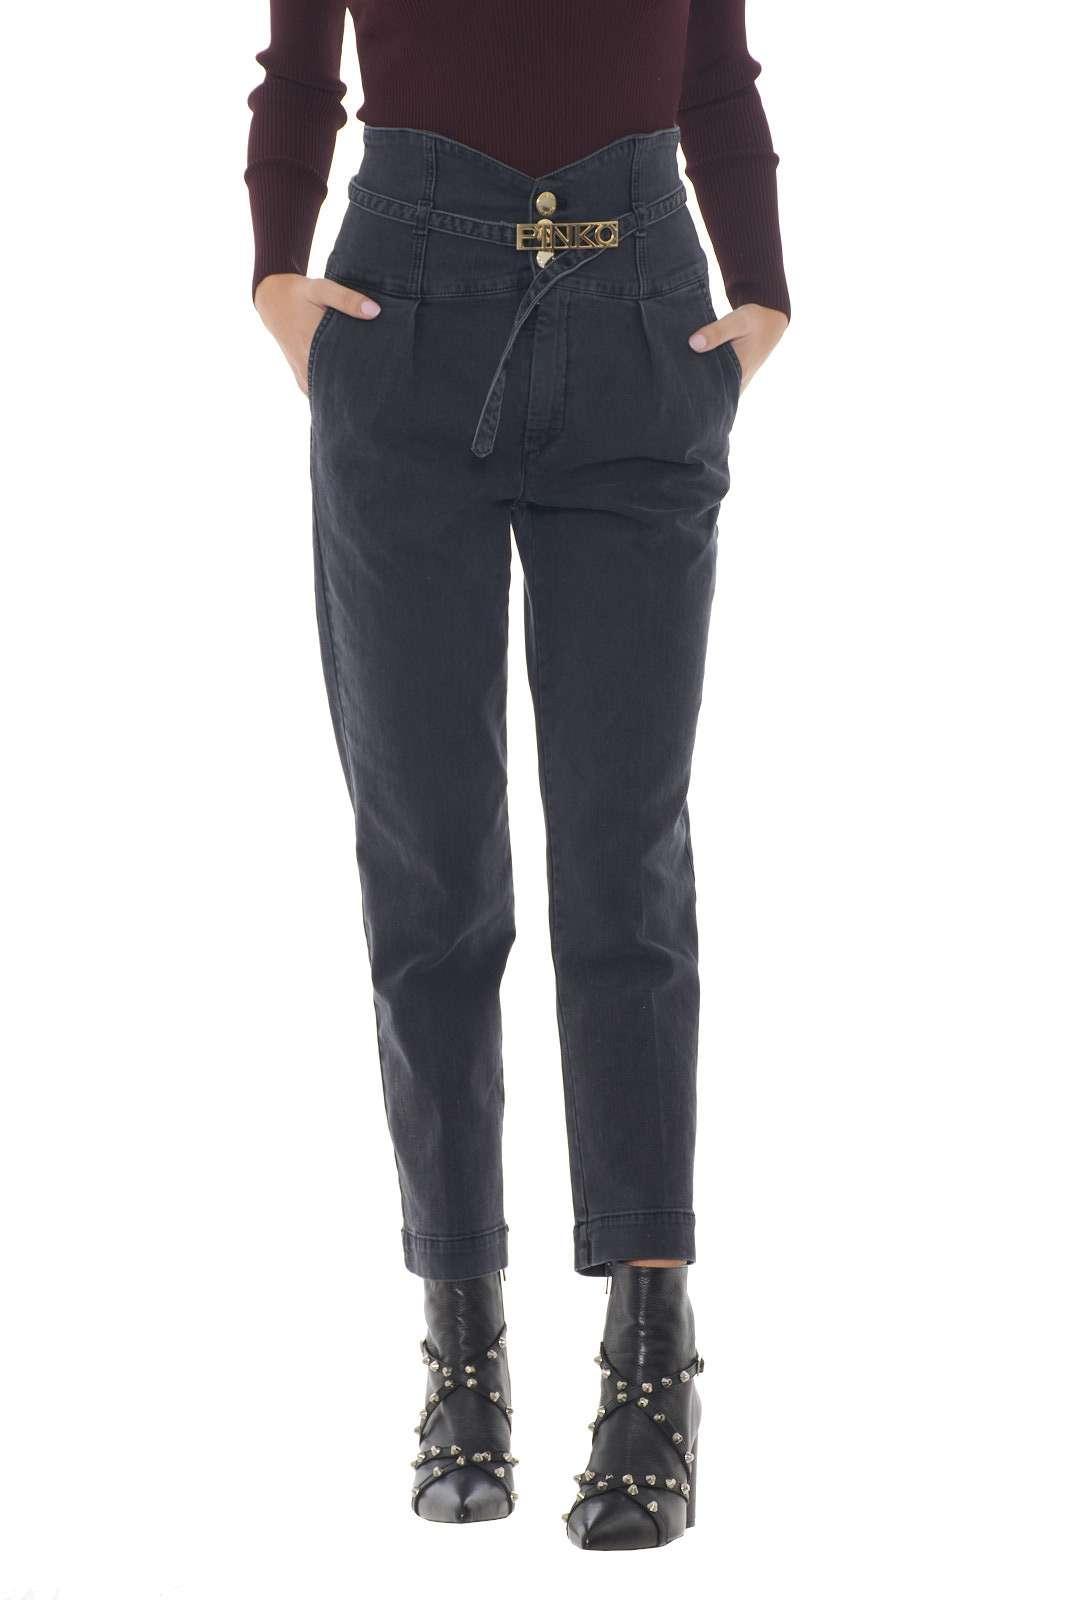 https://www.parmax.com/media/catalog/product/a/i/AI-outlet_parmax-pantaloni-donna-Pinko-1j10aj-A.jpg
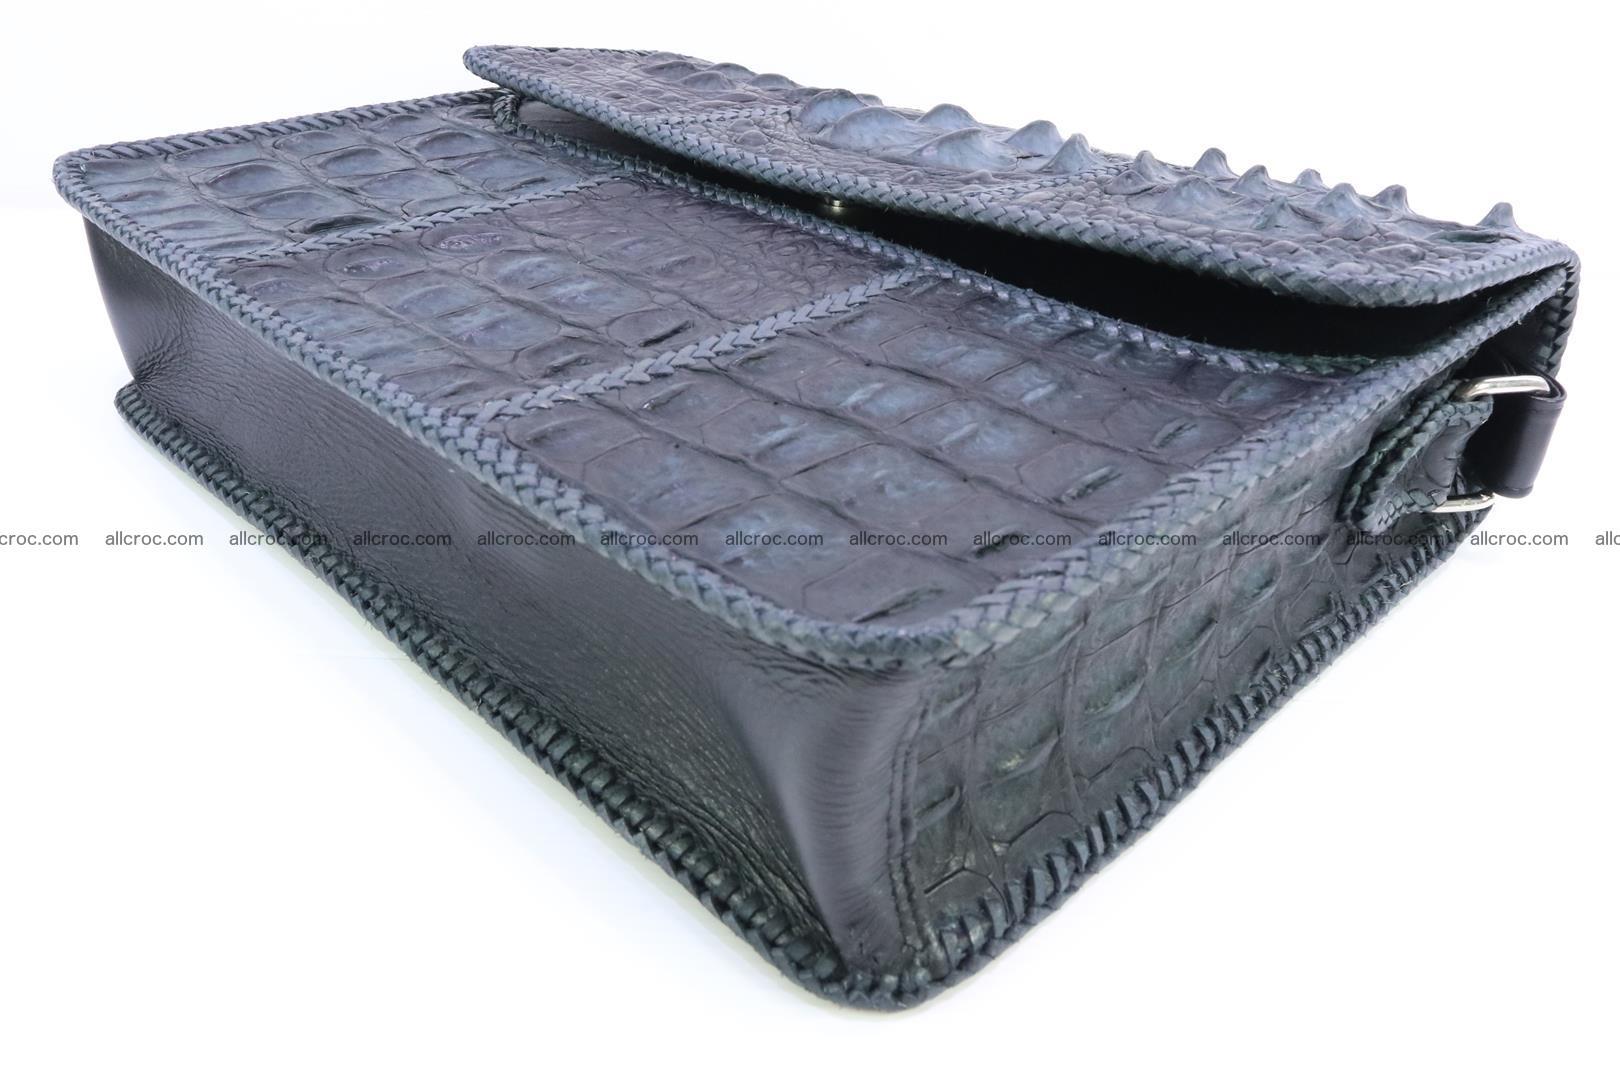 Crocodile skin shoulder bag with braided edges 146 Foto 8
------------------------------
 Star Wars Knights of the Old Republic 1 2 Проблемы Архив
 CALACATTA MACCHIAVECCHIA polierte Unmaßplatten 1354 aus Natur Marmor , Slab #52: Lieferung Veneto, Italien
------------------------------
**DIRECTIONS FOR THIS TASK:** Output the lines of the records above exactly as they appear, from the line containing "Star Wars Knights" through the line containing "CALACATTA MACCHIAVECCHIA polierte".

**EXERCISE RESPONSE:**
 Star Wars Knights of the Old Republic 1 2 Проблемы Архив
 CALACATTA MACCHIAVECCHIA polierte Unmaßplatten 1354 aus Natur Marmor , Slab #52: Lieferung Veneto, Italien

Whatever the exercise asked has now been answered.